Catherine was listed at number 82 on Bravo's 100 Greatest TV Characters, along with Gil Grissom. She was also included in TV Guides list of "TV's Sexiest Crime Fighters". A writer for the publication commented "It's not difficult to believe that Catherine Willows was once an exotic dancer at a Vegas strip club. Thankfully, it's because of a regular at that gig that led her to pursuing higher education and eventually snare a CSI job."

While reviewing the pilot episode, Mark A. Perigard from The Boston Herald thought that Catherine was an exception to the show's "revolting characters", calling her "harried but compassionate". Mia Jones from After Ellen praised the character, commenting "CSIs Catherine Willows oozes feminine sex appeal even when she's bogged down with a bullet-proof vest, a gigantic utility belt, baseball cap and aviators. She is the anti-Debra Morgan."

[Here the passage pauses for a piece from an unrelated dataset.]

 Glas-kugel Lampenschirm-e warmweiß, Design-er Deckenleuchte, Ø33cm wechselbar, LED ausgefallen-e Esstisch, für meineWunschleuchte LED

Willows has been included in some of the scholarly publications that examine the show and its effects on society. One paper published in the International Journal of Gender, Science and Technology found that CSI "contributed to the cultural dialogue on women entering STEM
fields," saying that Willows specifically is typical of female characters as of 2000: significantly more complex than those in earlier periods but not immune to stereotyping. The paper also notes that when Willows and Sara Sidle are on screen alone together, they rarely talk about men, causing the episode to pass the Bechdel test. It criticizes the show, however, for showing career women like Willows and Sidle as necessarily having terrible social lives, concluding that the script punishes them for choosing STEM careers.

== Succession ==
Catherine has held numerous positions during the series' run, first appearing as a CSI Level III in the series pilot episode. She is replaced in this position by Nick Stokes. She later features in the following roles:
- CSI Level III Assistant Supervisor ("Cool Change" - "Ch-Ch-Changes"), a role she inherited from Grissom. She was succeeded by Sofia Curtis.
- CSI Level III Supervisor ("Mea Culpa" - "Grave Danger (II)"), on the Swing Shift.

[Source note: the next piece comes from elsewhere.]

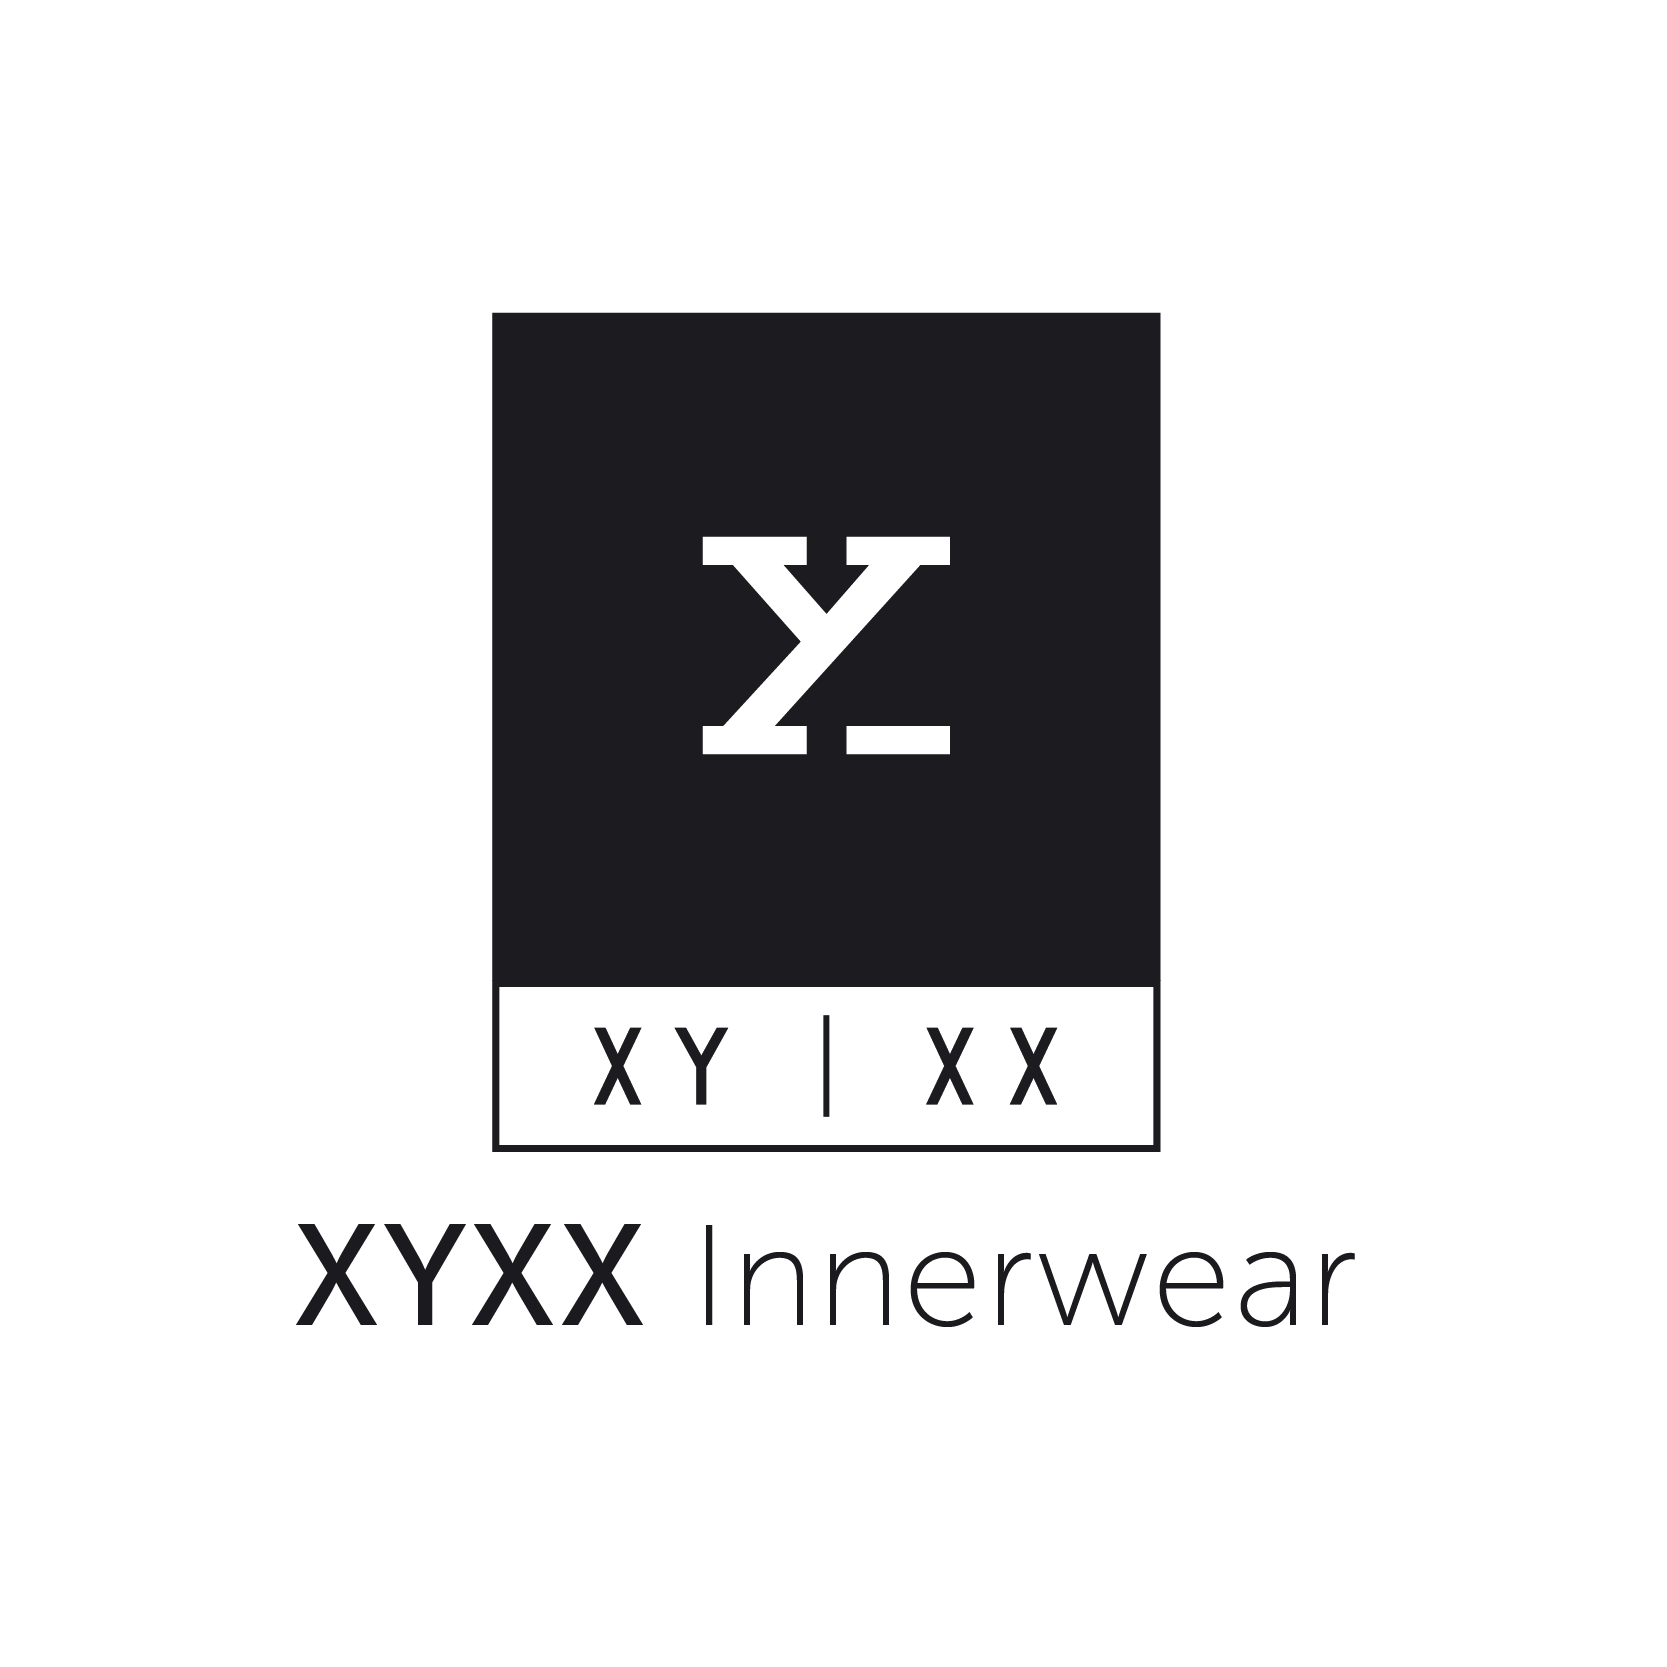 Xyxx Crew

- CSI Level III Assistant Supervisor ("Bodies in Motion" - "Leaving Las Vegas"), replacing Sofia Curtis.
- CSI Level III Supervisor ("Sweet Jane" - "Law of Gravity"), an acting position during Grissom's sabbatical.
- CSI Level III Assistant Supervisor ("Monster in the Box - "One to Go"), upon Grissom's return. She is replaced by Nick Stokes.
- CSI Level III Supervisor ("The Grave Shift" - "In a Dark, Dark House"), succeeding Grissom. She is later replaced by D.B. Russell.
- CSI Level III Assistant Supervisor ("73 Seconds" - "Willows in the Wind"), following her demotion. She succeeds Stokes, and is replaced by Julie Finlay.
- FBI Special Agent in Charge ("Willows in the Wind" - "Immortality"), based out of the Los Angeles field office.
- Director of the Las Vegas Crime Lab ("Immortality"), a role she acquires when Sara departs the Crime Lab. She replaces D.B. Russell.